GCC_MAKE_TARGET="profiledbootstrap"

(4) Try building it, probably best to enable the testsuite
(will take a long time to build, testsuite takes longer but probably
better to check the resulting compiler):

FEATURES=test nice emerge -v sys-devel/gcc:4.7
Comment 4 Richard Yao (RETIRED) gentoo-dev 2013-03-04 01:13:29 UTC
I should probably clarify that this bug involves our recommendations for make.conf. Individual packages that might benefit from -O3 have no effect on such recommendations.

With that said, it might be worthwhile for toolchain to modify the GCC ebuilds to support USE=custom-optimization and specify -O3 when USE=custom-optimization is not in effect. That should be a separate bug.
Comment 5 Ryan Hill (RETIRED) gentoo-dev 2013-03-04 01:36:15 UTC
That should not be a bug at all, because it would set a record as the fastest closed bug in the history of bugzilla.

I think your suggested description for -O3 is an improvement, but I don't know if I agree with it completely.  I'll come up with something.  I'd rather we didn't document -Ofast.
Comment 6 Richard Yao (RETIRED) gentoo-dev 2013-03-04 02:07:59 UTC
(In reply to comment #5)
> That should not be a bug at all, because it would set a record as the
> fastest closed bug in the history of bugzilla.
> 
> I think your suggested description for -O3 is an improvement, but I don't
> know if I agree with it completely.  I'll come up with something.  I'd
> rather we didn't document -Ofast.

Someone raised the issue in IRC, which lead me to think about revising the language we use. I will be happy to see any improvement to this.
Comment 7 nm (RETIRED) gentoo-dev 2013-03-04 12:18:53 UTC
not every package does this. also, on the off-chance folks are compiling their own stuff or items from overlays, there's no guarantee that flags are being filtered.

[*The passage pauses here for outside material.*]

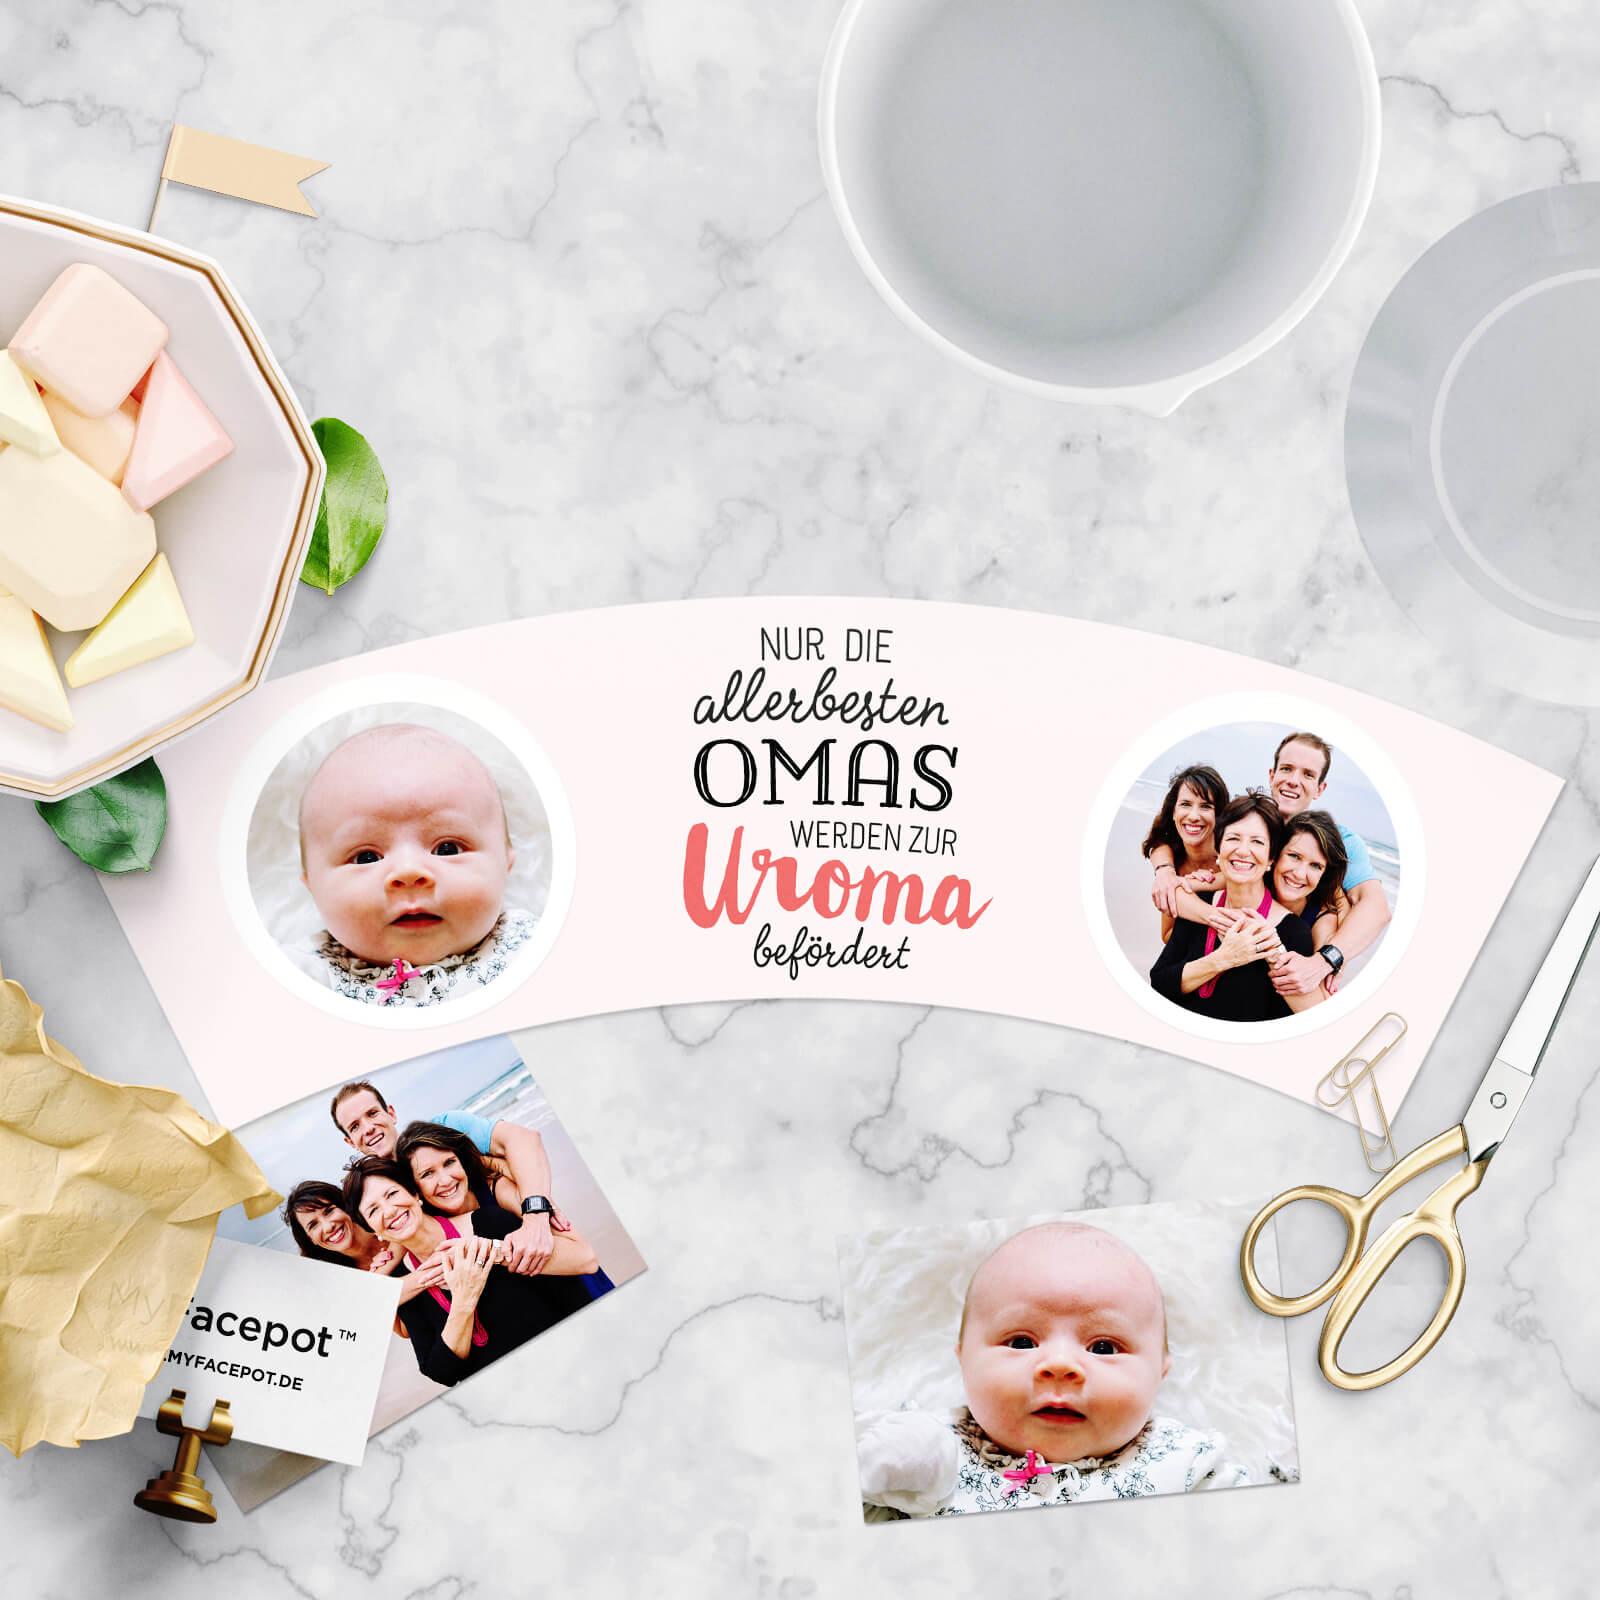 Geschenk zur Geburt Uroma Befördert

stuff like what's described in the guide DOES happen if users get away with -O3. tons of reports on the forums & bugzie from users who've set -O3 globally. the guide's text is simpler and more straight to the point. i don't want to have to go into extended discussions of programming languages and caches in this doc...a more general command of "this is bad; don't do it" suffices. :)
Comment 8 Ryan Hill (RETIRED) gentoo-dev 2013-03-05 00:54:54 UTC
Josh, I agree, but there's still some tweaking I'd like to do.
Comment 9 nm (RETIRED) gentoo-dev 2013-03-05 09:13:57 UTC
(In reply to comment #8)
> Josh, I agree, but there's still some tweaking I'd like to do.

aight. gimme text, and i'll drop it in.
Comment 10 Sven Vermeulen (RETIRED) gentoo-dev 2013-04-06 11:45:53 UTC
I'm not opposed to documenting -Ofast, as long as we make it clear what it means (and/or what "support" from Gentoo you might get if you use it).
Comment 11 Sven Vermeulen (RETIRED) gentoo-dev 2013-07-27 20:35:26 UTC
This document has been moved to the Gentoo wiki and can be found at https://wiki.gentoo.org/wiki/GCC_optimization. We welcome any contributions on this guide and recommend you create an account (if you do not have one already) and make the adjustments to the article as needed. In case of doubt, use the Talk page to discuss potential changes before applying them.